# Parametric and Nonparametric Methods in Statistics

There are a few divisions of topics in statistics. One division that quickly comes to mind is the differentiation between descriptive and inferential statistics. There are other ways that we can separate out the discipline of statistics. One of these ways is to classify statistical methods as either parametric or nonparametric.

We will find out what the difference is between parametric methods and nonparametric methods. The way that we will do this is to compare different instances of these types of methods.

## Parametric Methods

Methods are classified by what we know about the population we are studying. Parametric methods are typically the first methods studied in an introductory statistics course. The basic idea is that there is a set of fixed parameters that determine a probability model.

Parametric methods are often those for which we know that the population is approximately normal, or we can approximate using a normal distribution after we invoke the central limit theorem. There are two parameters for a normal distribution: the mean and the standard deviation.

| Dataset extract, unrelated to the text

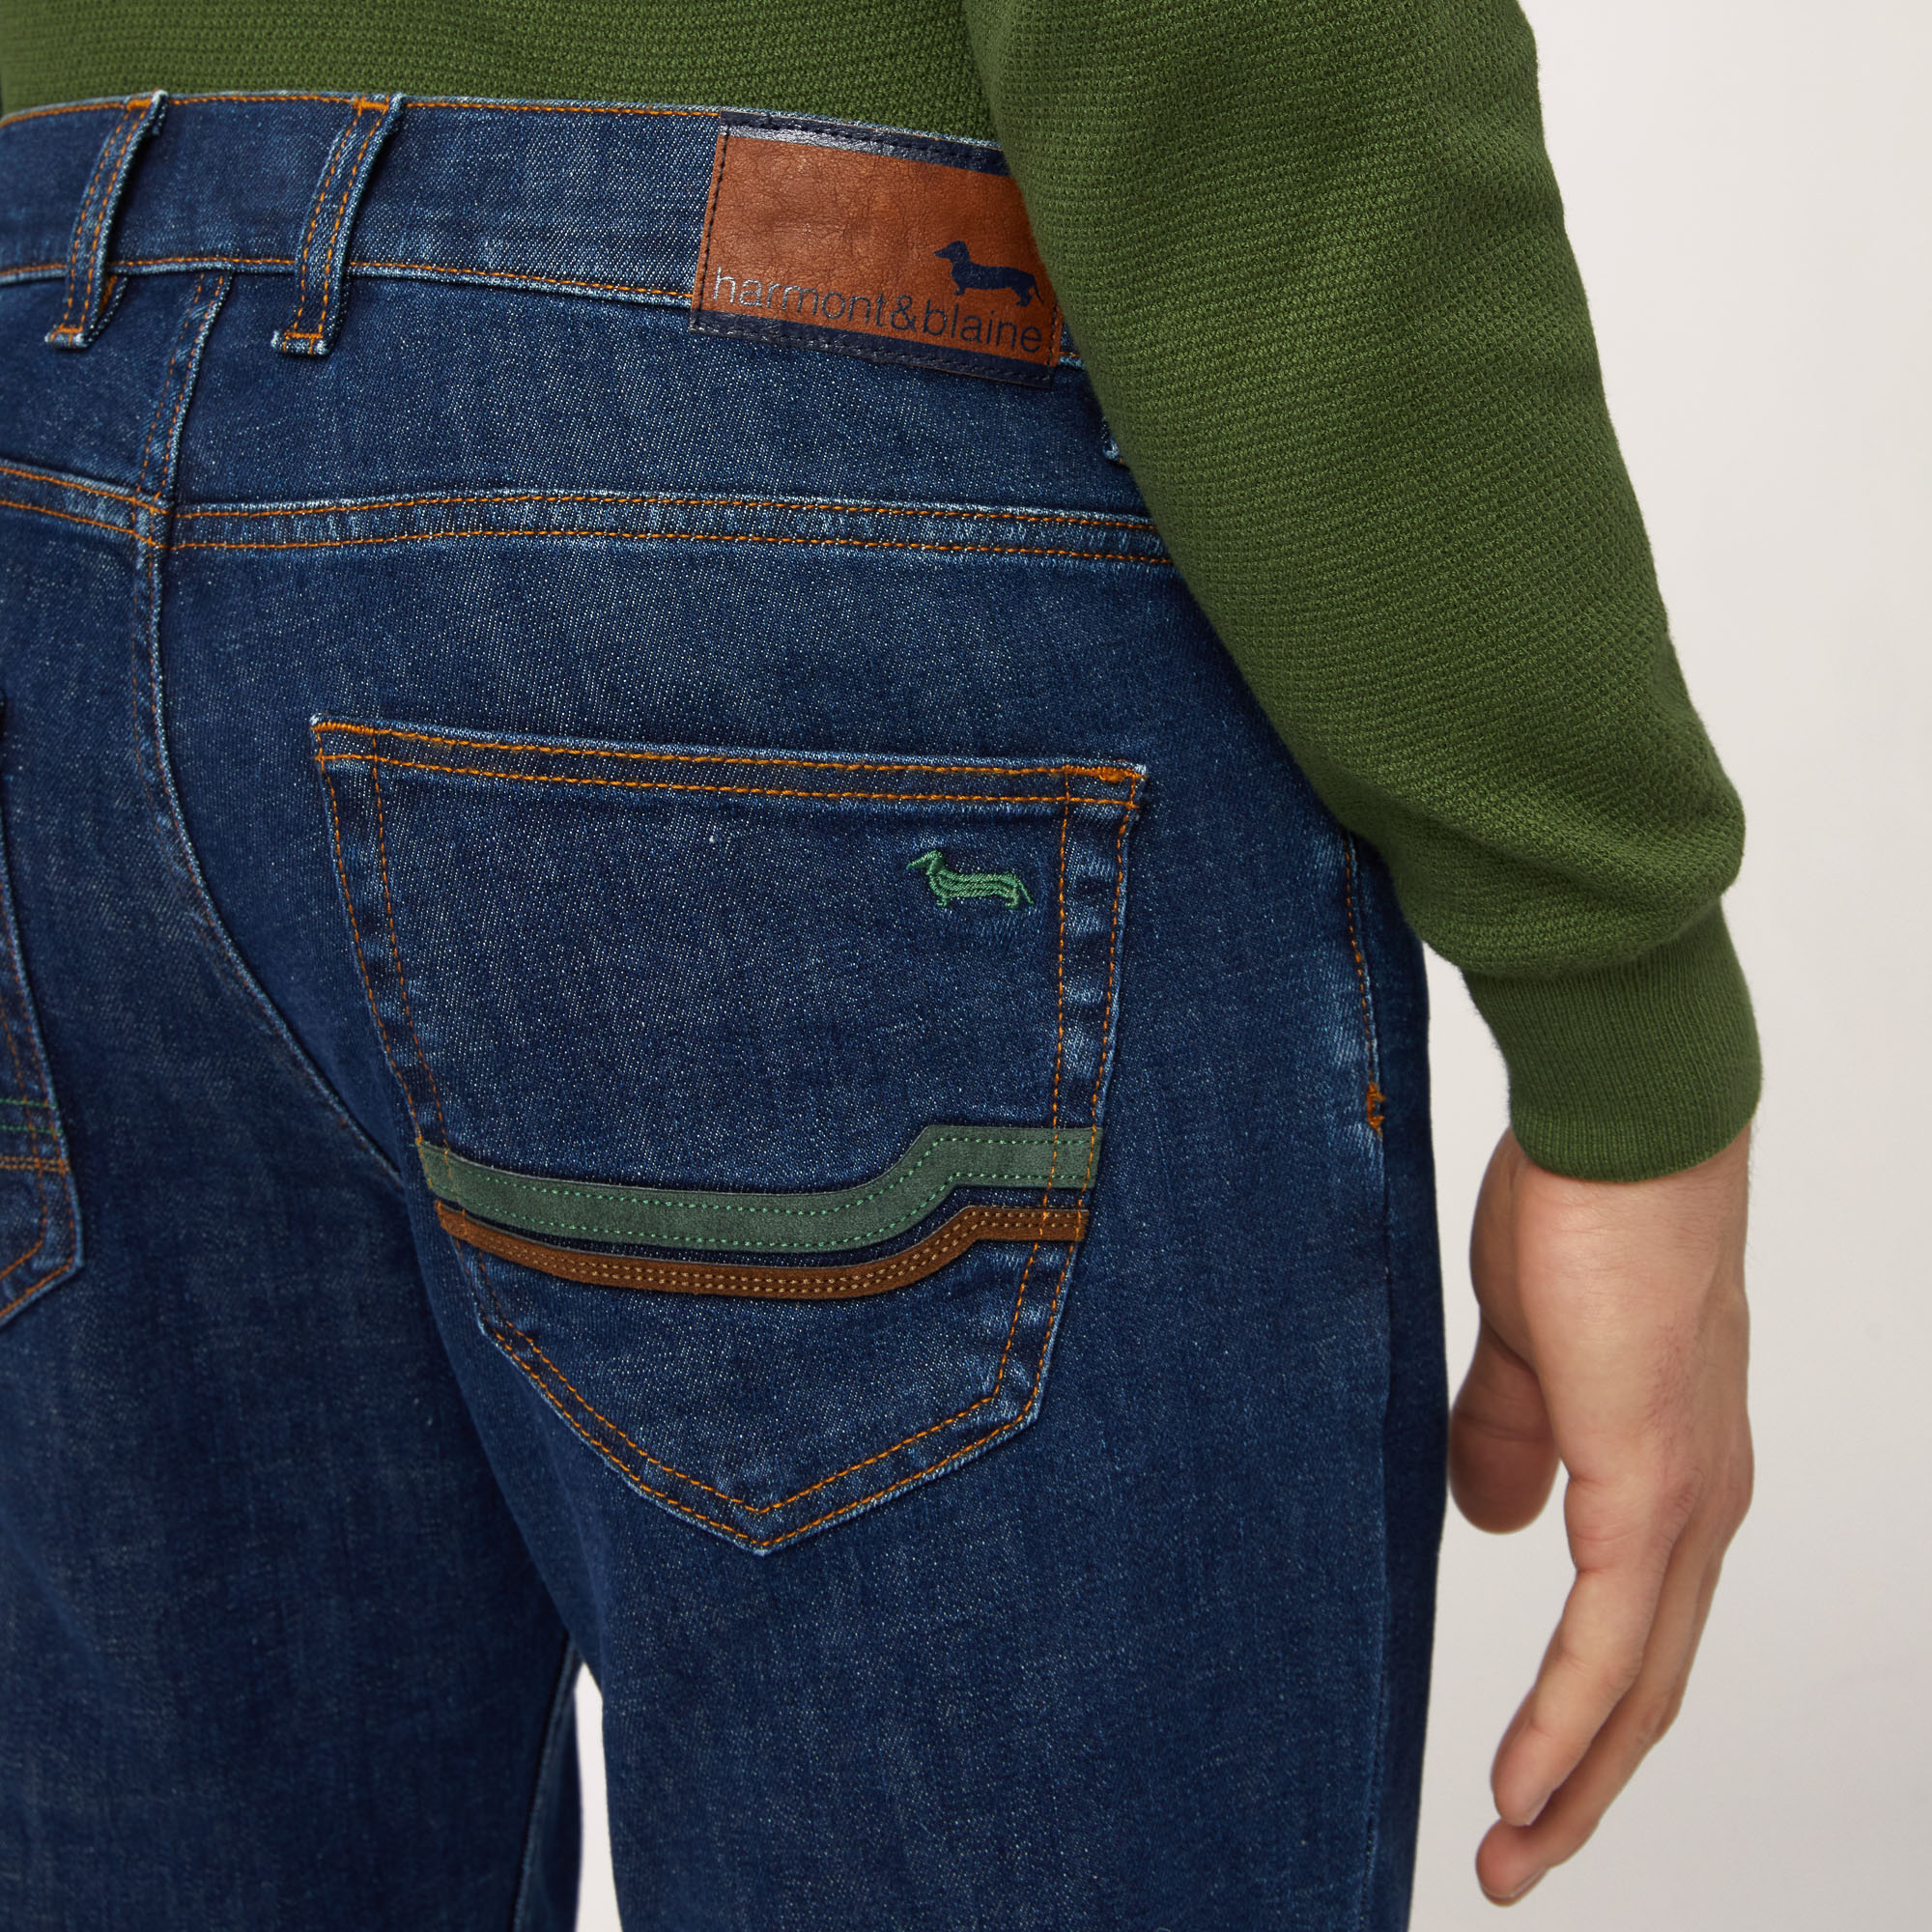 Pantalón de 5 bolsillos con aplicaciones, Verde oscuro, large image number 2

Ultimately the classification of a method as parametric depends upon the assumptions that are made about a population. A few parametric methods include:

• Confidence interval for a population mean, with known standard deviation.
• Confidence interval for a population mean, with unknown standard deviation.
• Confidence interval for a population variance.
• Confidence interval for the difference of two means, with unknown standard deviation.

## Nonparametric Methods

To contrast with parametric methods, we will define nonparametric methods. These are statistical techniques for which we do not have to make any assumption of parameters for the population we are studying. Indeed, the methods do not have any dependence on the population of interest. The set of parameters is no longer fixed, and neither is the distribution that we use. It is for this reason that nonparametric methods are also referred to as distribution-free methods.

Nonparametric methods are growing in popularity and influence for a number of reasons. The main reason is that we are not constrained as much as when we use a parametric method. We do not need to make as many assumptions about the population that we are working with as what we have to make with a parametric method. Many of these nonparametric methods are easy to apply and to understand.

A few nonparametric methods include:

## Comparison

There are multiple ways to use statistics to find a confidence interval about a mean. A parametric method would involve the calculation of a margin of error with a formula, and the estimation of the population mean with a sample mean. A nonparametric method to calculate a confidence mean would involve the use of bootstrapping.

Why do we need both parametric and nonparametric methods for this type of problem? Many times parametric methods are more efficient than the corresponding nonparametric methods. Although this difference in efficiency is typically not that much of an issue, there are instances where we do need to consider which method is more efficient.